Here I am going to consider learning with ulterior motives — the learning we do in order to become more human and more capable, the ostensible motive of an educational system, rather than the learning we do purely for pleasure. None of what follows applies to recreational learning, because it all considers time applied to studying as a cost, not a benefit.

The spaced-practice psychology literature find that generally the ideal spacing interval is 10% to 20% of the time you want to remember something — so, say, 15 years if you want to remember it for your entire life. You would think that this would imply you need exponentially increasing study intervals, since it would seem that your chances of remembering that ∫cot x dx = ln |sin x| + C if you hear it once every 15 years are very poor indeed. So far, though, no convincing experimental evidence confirms this apparent common-sense conclusion; the studies that have been done did not find evidence that such “expanding-interval” spaced practice is superior.

However, it seems clear that the schooling system as it stands is at the opposite extreme. K-12 is 13 years of 36 weeks of 30 hours of torture, about 14000 hours of institutional child abuse in total. Abusive treatment aside, that’s a massive cost: about 7 years of normal working hours or 2.4 years of waking hours. You would like such a massive cost to be well-spent, providing an equivalently massive benefit, for example of education. But, by concentrating them in 13 years, we guarantee that any learning point with a 15-year practice interval is presented at most only once; the possible degree of recall after a single presentation is very low even when testing is the next day, much less decades later.

So, in order to achieve any kind of reasonable level of recall at all, schools waste the students’ time with massed practice, guaranteeing that nearly all of what is taught will be forgotten by adulthood.

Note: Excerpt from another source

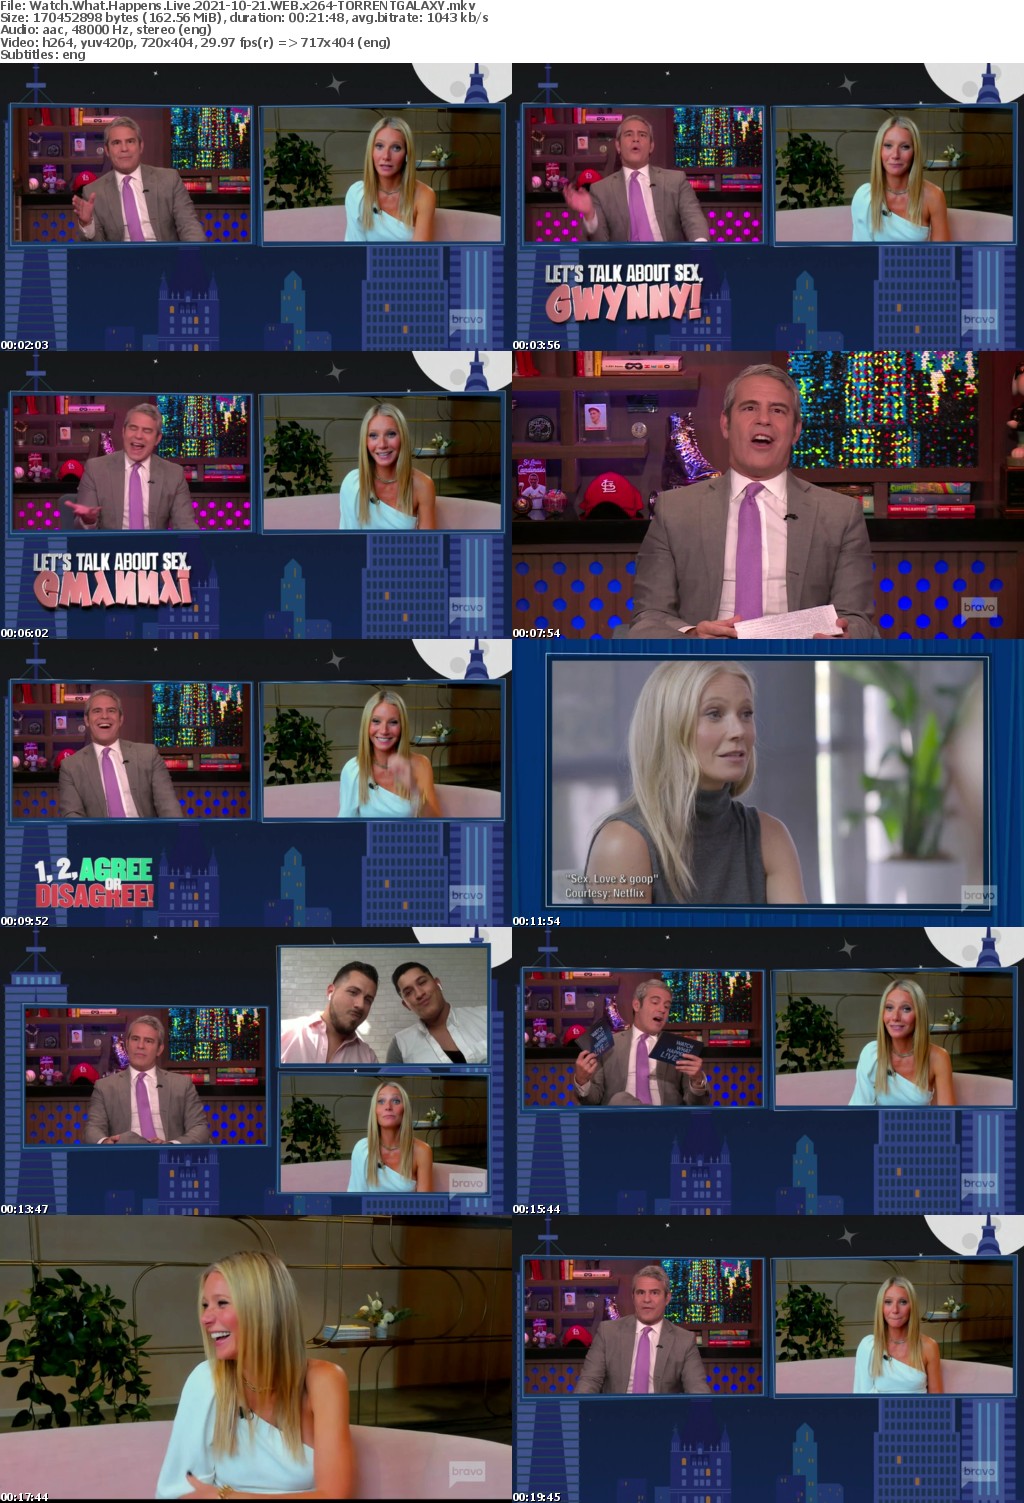 Watch What Happens Live 2021-10-21 WEB x264-GALAXY

Worse, the waste of practice-massing in schools is fractal, happening at many levels:

  1. K-12 schooling is massed in 13 years rather than being spread throughout a person’s entire life;
  2. taking courses on different topics each year guarantees the loss of most learning even before K-12 schooling ends;
  3. summer vacation guarantees the loss of nearly all new learning from the last months of the school year, and although this could be avoided by devoting those months exclusively to review of earlier material, this is not done;
  4. moving from unit to unit within each course, with little attention given to material from previous units, guarantees the loss of most learning from the course even before the end of the course;
  5. pre-scheduled large examinations incentivize students to “cram”, massing their practice in the days immediately before the examination, in order to cheat the examination into indicating a level of mastery of the material that they do not in fact possess, or, more precisely, will lose within a week or two;
  6. and, although the evidence for this is less clear in psychological studies, hour-long classes are very likely to result in poorer retention from one day to the next than if they were split into two half-hour chunks at different times of day. Teachers assign homework to compensate somewhat for the loss of retention, but this worsens rather than improves the waste of time.

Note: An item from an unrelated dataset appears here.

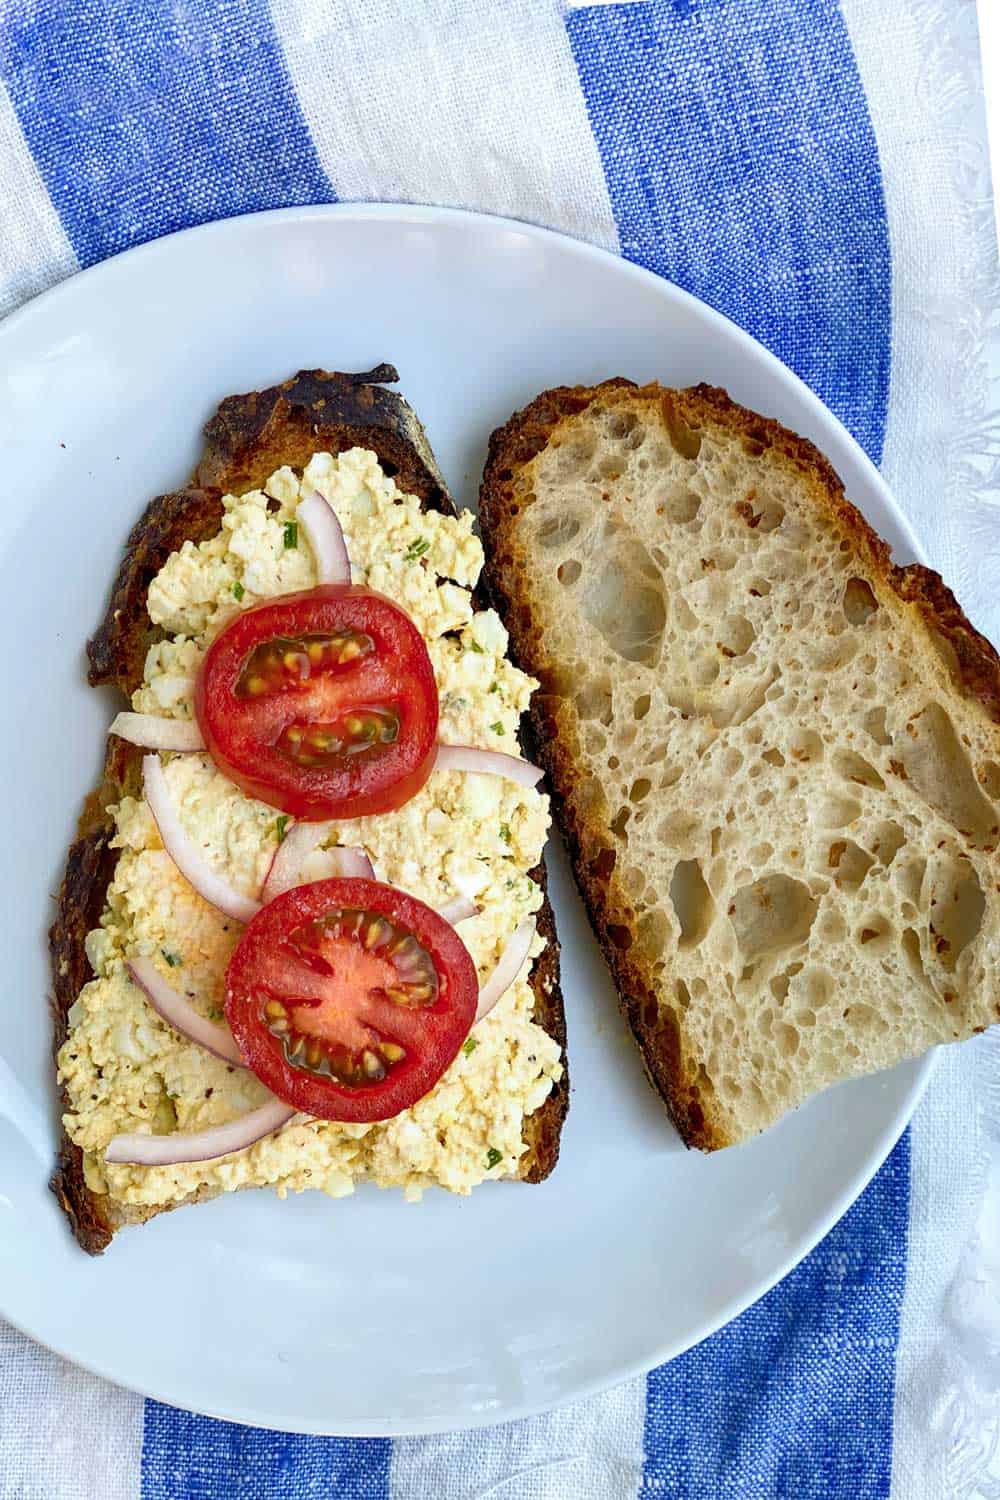 egg salad on toasted sour dough bread with red onions and sliced tomatoes

Psychological studies have shown 40% increases in learning throughput (that is, 70% as much study time to reach the same level of achievement) from adding a single level of distribution to practice sessions, which is something more than two standard deviations. If we could increase learning throughput by 40% six times in succession, the total increase would be 650%. A person whose life had not been wasted by any of these six levels of massing could — very speculatively! — perhaps learn seven times as much per hour of study, reaching apparently superhuman levels of intellectual achievement, at no increase in total study time.

However, this learning would be spread across a lifetime rather than concentrated in the 5–18 range. If we spread it across the 70-year-long 5–75 age range, it would be only 200 hours per year (33 minutes per day). If we were to accept the optimistic 650% improvement speculation above, this would be equivalent to some 1500 hours of regular K-12 schooling per year, only moderately better than the 1080 hours in the standard system. You would only start to see a really significant difference after age 18, when the students using a program rationally designed to optimize their learning, rather than subjugate them and provide fake “educational achievement” on tests, continued learning, and their knowledge and competence continued to grow, while the victims of industrial-age schooling instead began the inexorable intellectual decline that is such a universally-remarked- upon phenomenon today.

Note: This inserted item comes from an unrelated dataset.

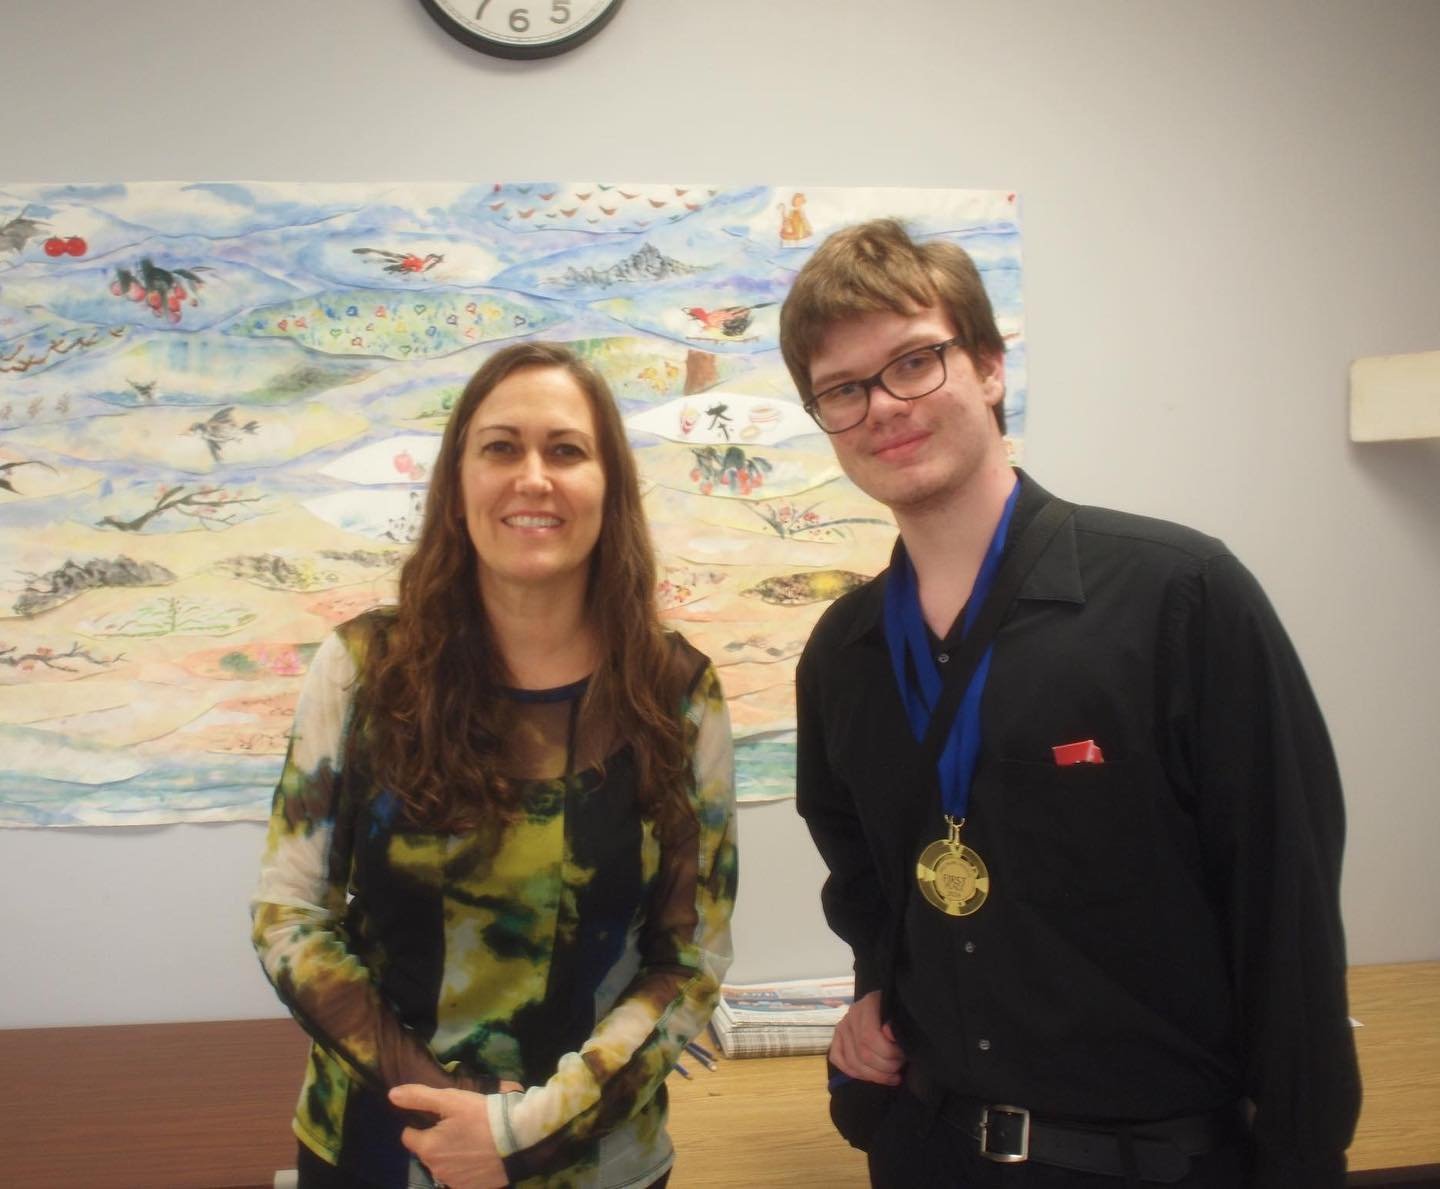 Congrats to Ben for winning two golds at the Peel Music Festival in level 7 voice! Way to go Ben 🎶 (featured here with his collaborative pianist Mary)

(These numbers change a bit if we include “higher education”, which, for an undergraduate degree, is typically about 5 years of about 40 hours a week, 28 weeks a year, between lectures, labs, and homework, about 5600 more hours; most of the same criticisms can be applied to it, some a fortiori. This would bring us to almost 20000 lifetime hours of schooling, 280 hours a year if spread across 70 years.)

This even allocation of 200 hours per year represents a tradeoff, though, and probably not a good one. If you learn a skill at 10 years old and die at 75, you can use that skill to your advantage for 65 years. But if you learn it at 65 years old, you can only use it to your advantage for 10 years. This is the logic that underlies the traditional soul-destroying system of studying first, then working, and in itself it isn’t flawed; it just doesn’t take into account the psychological discoveries made since the 18th century. It’s yet another form of the exploration-exploitation tradeoff, a general feature of bandit problems.

A better tradeoff would weight the expense of learning toward the beginning of life, while leaving the human more time to exploit their skills toward the end of their life. The optimal curve depends on many factors, including your model of how skills improve life utility, how studying fatigues you, how risk-tolerant you are about dying early or late, the probability of dramatic human life extension, and so on, but a linear reduction from 400 hours per year at 5 years old down to 0 hours per year at 75 seems likely to capture the majority of the benefits from the optimal curve.

On this study schedule, you start by studying 66 minutes per day on your 5th birthday and taper down by about 56 seconds per year (154 milliseconds per day) until reaching 0 on your 75th birthday. On your 18th birthday, when you would normally graduate from high school, you are down to studying almost 54 minutes per day, and you’ve spent 4740 hours of study, about a third of what the victims of high school have. But, because they were in a system optimized to waste their time, you’ve learned more than twice as much.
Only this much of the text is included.